MORE ABOUT THE 2006 TIP REPORT

The TIP Report is the most comprehensive worldwide report on the efforts of governments to combat severe forms of trafficking in persons. The TIP Report covers the period April 2005 through March 2006.

What the Report Is and Is Not

The annual Trafficking in Persons (TIP) Report includes those countries determined to be countries of origin, transit, or destination for a significant number of victims of severe forms of trafficking. Since trafficking likely extends to every country in the world, the omission of a country from the Report may only indicate a lack of adequate information. The country narratives describe the scope and nature of the trafficking problem, the reasons for including the country, and the government’s efforts to combat trafficking.

The narrative also contains an assessment of the government’s compliance with the minimum standards for the elimination of trafficking as laid out in the Trafficking Victims Protection Act (TVPA) of 2000, as amended, and includes suggestions for actions to combat trafficking. The remainder of the country narrative describes each government’s efforts to enforce laws against trafficking, protect victims, and prevent trafficking.

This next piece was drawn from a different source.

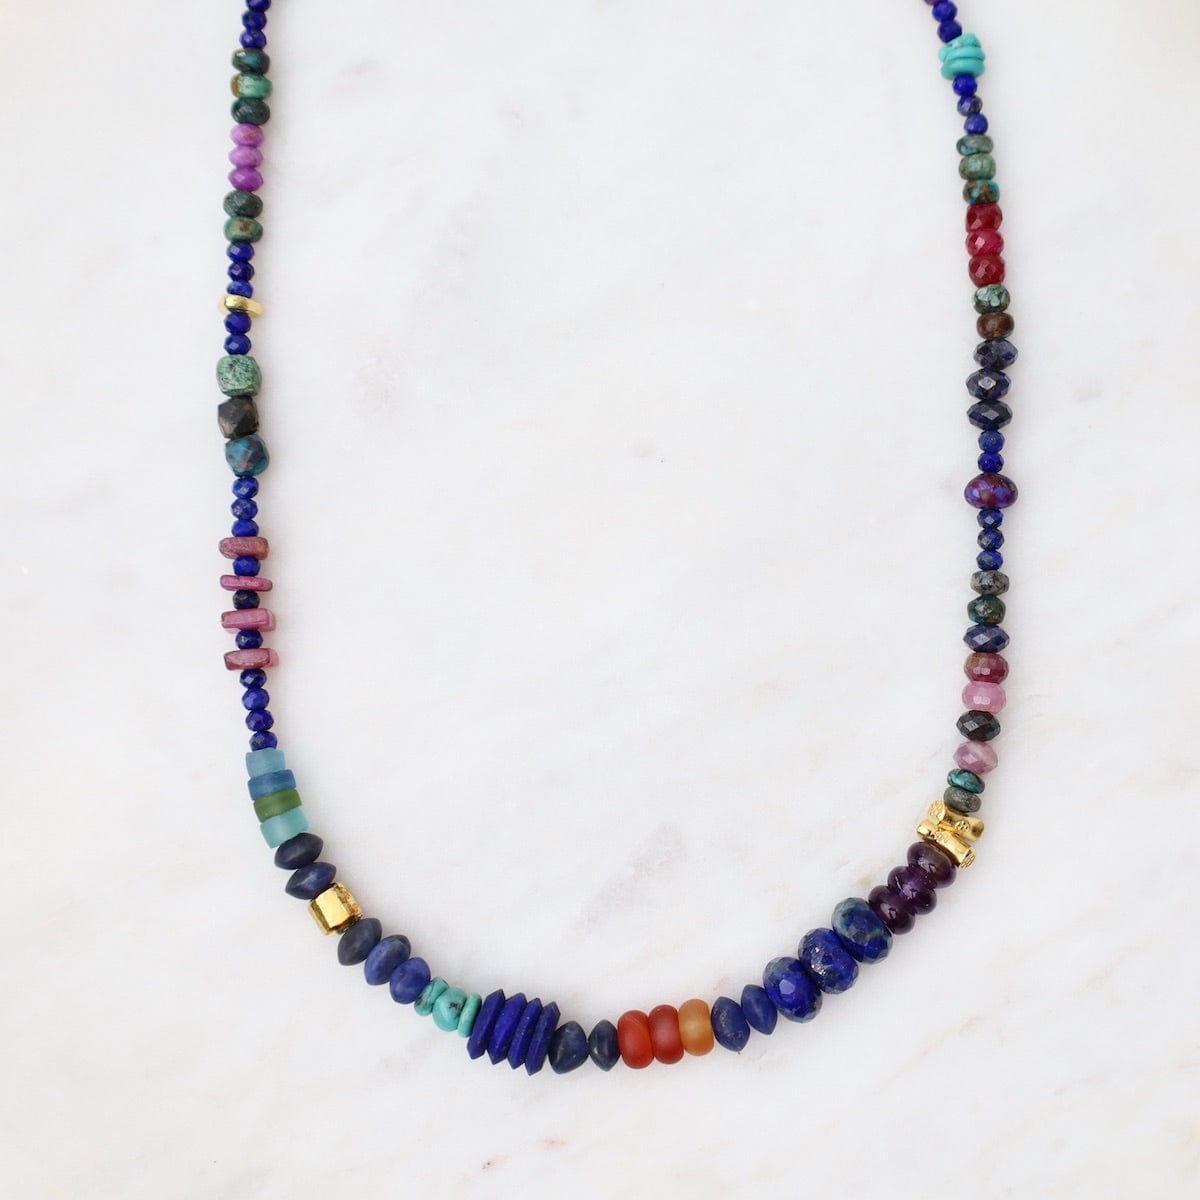 NKL-GPL Queen of the Nile Necklace in Lapis
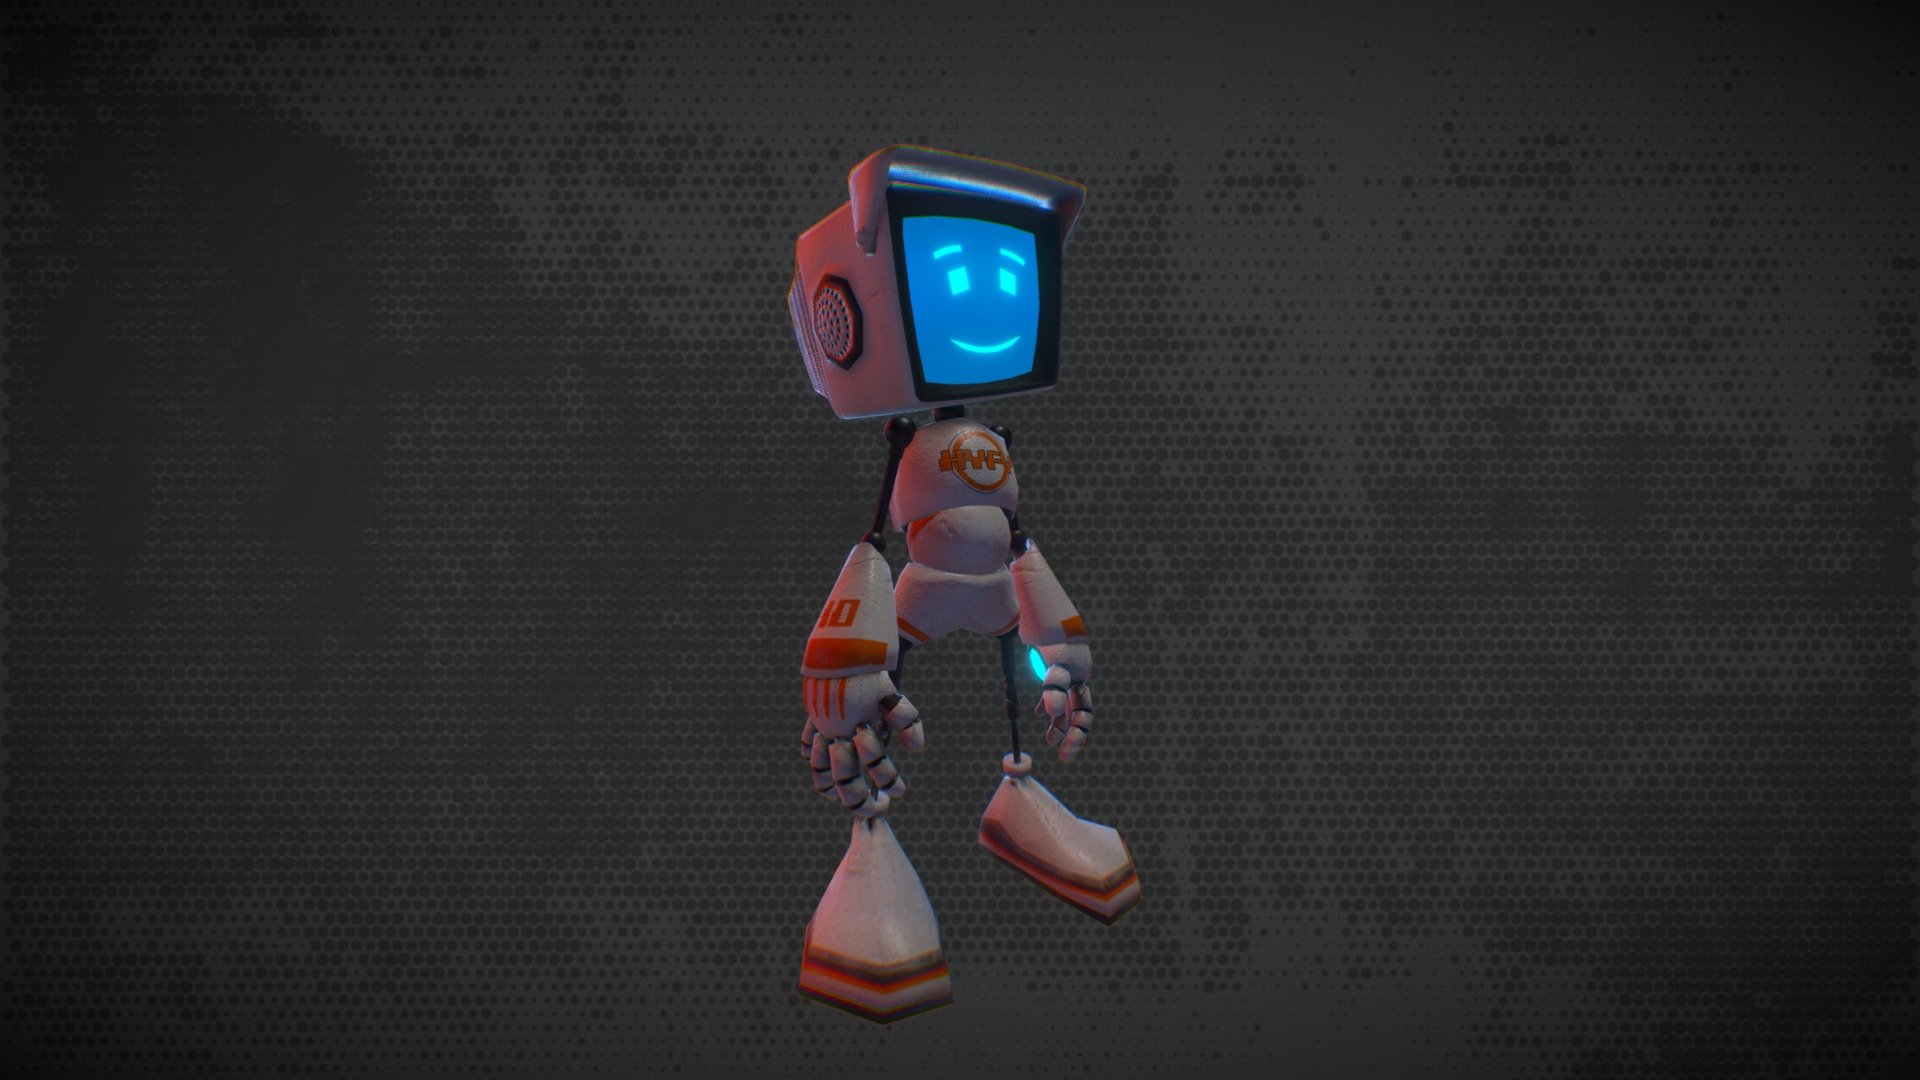 Robot created as an avatar for Second Life - LokiBot - 3D model by lokieliot 3d model

Each narrative explains the basis for rating a country as Tier 1, Tier 2, Tier 2 Watch List, or Tier 3. If a country has been placed on Tier 2 Watch List, the narrative will contain a statement explaining why, using terms found in the TVPA as amended.

Per the TVPA's guidance, there are factors to be considered in determining whether a country should be in Tier 2 (or Tier 2 Watch List) or in Tier 3: 1) The extent to which the country is a country of origin, transit, or destination for severe forms of trafficking; 2) The extent to which the government of the country does not comply with the TVPA's minimum standards and, in particular, the extent of the government's trafficking-related corruption; and 3) The resources and capabilities of the government to address and eliminate severe forms of trafficking in persons.

Some governments have issued statements, held conferences, and established task forces or national action plans to create goals for anti-trafficking efforts. However, statements, conferences, plans, and task forces alone are not weighed heavily in assessing country efforts. Rather, the Report focuses on concrete actions governments have taken to fight trafficking, especially prosecutions, convictions, and prison sentences for traffickers, victim protection, and prevention efforts. The Report does not give great weight to laws in draft form or laws that have not yet been enacted. Finally, the Report does not focus on government efforts that contribute indirectly to reducing trafficking, such as education programs, support for economic development, or programs aimed at enhancing gender equality, although these are worthwhile endeavors.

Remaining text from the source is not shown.